There are not many other industries where companies are forced to share money with potential rivals, particularly when some of those rivals are owned by billionaires, too, and they have been so profligate with the money they have already been given.

So, the Championship clubs have held three meetings over the last month about what financial fair play regime it is going to use next season and it now looks very likely that it will not simply follow the Premier League’s lead again and move to SCR at 85 per cent. Instead, it will do what the Premier League is doing this season, and stick with PSR but run SCR in the background to see how it works.

Most Championship clubs are fully on board as they are sick of losing money and know they will not get any more money from the Premier League if they carry on spending 110 per cent of their income on player wages. Some disagree. Stoke City, for example, would love to keep spending as much of the Coates family fortune as possible on avoiding relegation to League One.


John Coates, Stoke’s joint-chairman, could make the club one of the Championship’s most free-spending, if rules changed (Alex Burstow/Getty Images)

As a potential compromise, some research has been commissioned on a SCR plus luxury tax idea, which would allow the laissez-faire brigade to spend more than 85 per cent providing they match their over-spending by putting the same amount in a central pot that would be shared with the other teams.

While some like the logic of this idea, it seems unlikely that Premier League chiefs — or the regulator, for that matter — will be in favour of sharing more cash with guys who can pay a 100 per cent luxury tax to lose more money.


The EFL has been grappling with another proposal this week: a request from the EFL’s four Welsh-based clubs — Cardiff City, Newport County, Swansea City and Wrexham — to enter the Wales League Cup, a competition currently contested by teams from the top two tiers in the Welsh league.

That quartet likes the idea as the prize for winning the cup would be a place in UEFA’s Conference League. Supporters of the idea in Wales say it would increase attendances and raise interest in the domestic game, while also boosting the country’s UEFA co-efficient, making it easier for Wales to qualify for international tournaments.

On Wednesday, Newport County chairman Huw Jenkins told BBC Radio Wales that “everybody could be a winner” but admitted it needed backing from the EFL and the English FA, as the quartet also plays in the English FA Cup.

The same day, Cardiff City chair Mehmet Dalman told the Championship club’s website that Cardiff were “confident that any participation in this trial would not affect our EFL status”, adding that only “relegation, promotion or going out of business” could see a club lose its Championship stakeholder status.

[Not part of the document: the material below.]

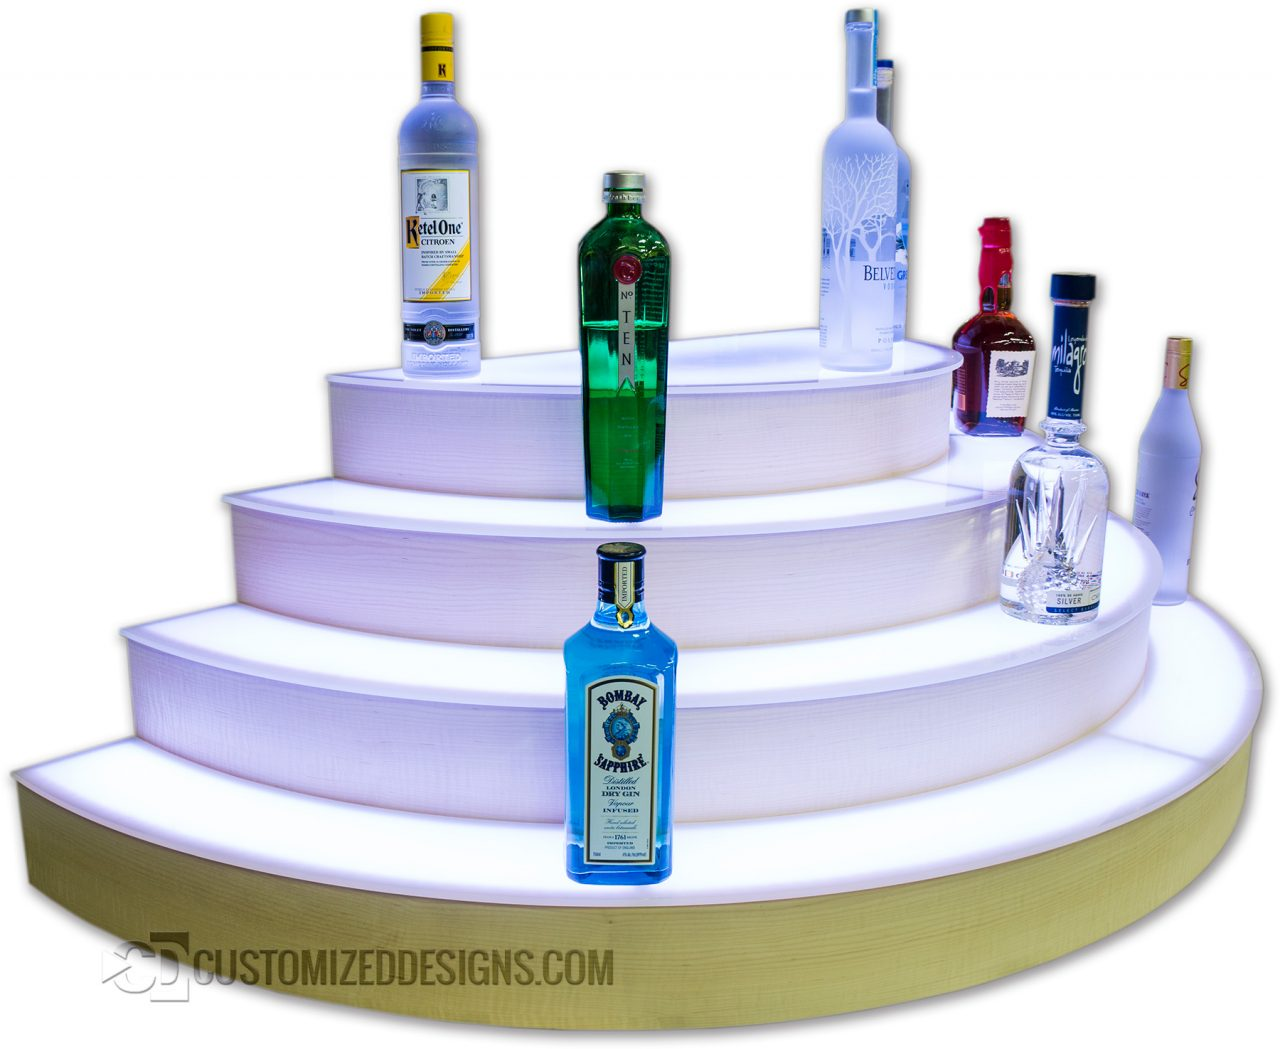 Custom Half Moon Circular Liquor Bottle Shelves - 4 Tier

He did not say that relegation looks the most likely of those outcomes, (Cardiff are 23rd in the table) but he did point out that Millwall and Wigan have both competed in the Championship and Europe in the same season in the not too distant past, so fixture congestion should not be a big concern. He also said that any extra money earned by the four clubs would be “shared with all clubs”, which might placate those worried that this is just another scheme to fuel Wrexham’s rise to the Premier League.

The EFL, however, is not convinced. When asked for feedback by the FA, the EFL board advised the English governing body to withhold approval, citing concerns about the integrity of its competition, the congested calendar and commercial impact.

So, if Ryan Reynolds and Rob McElhenney want to take Welcome to Wrexham to the continent, they are going to have to do it via an English competition.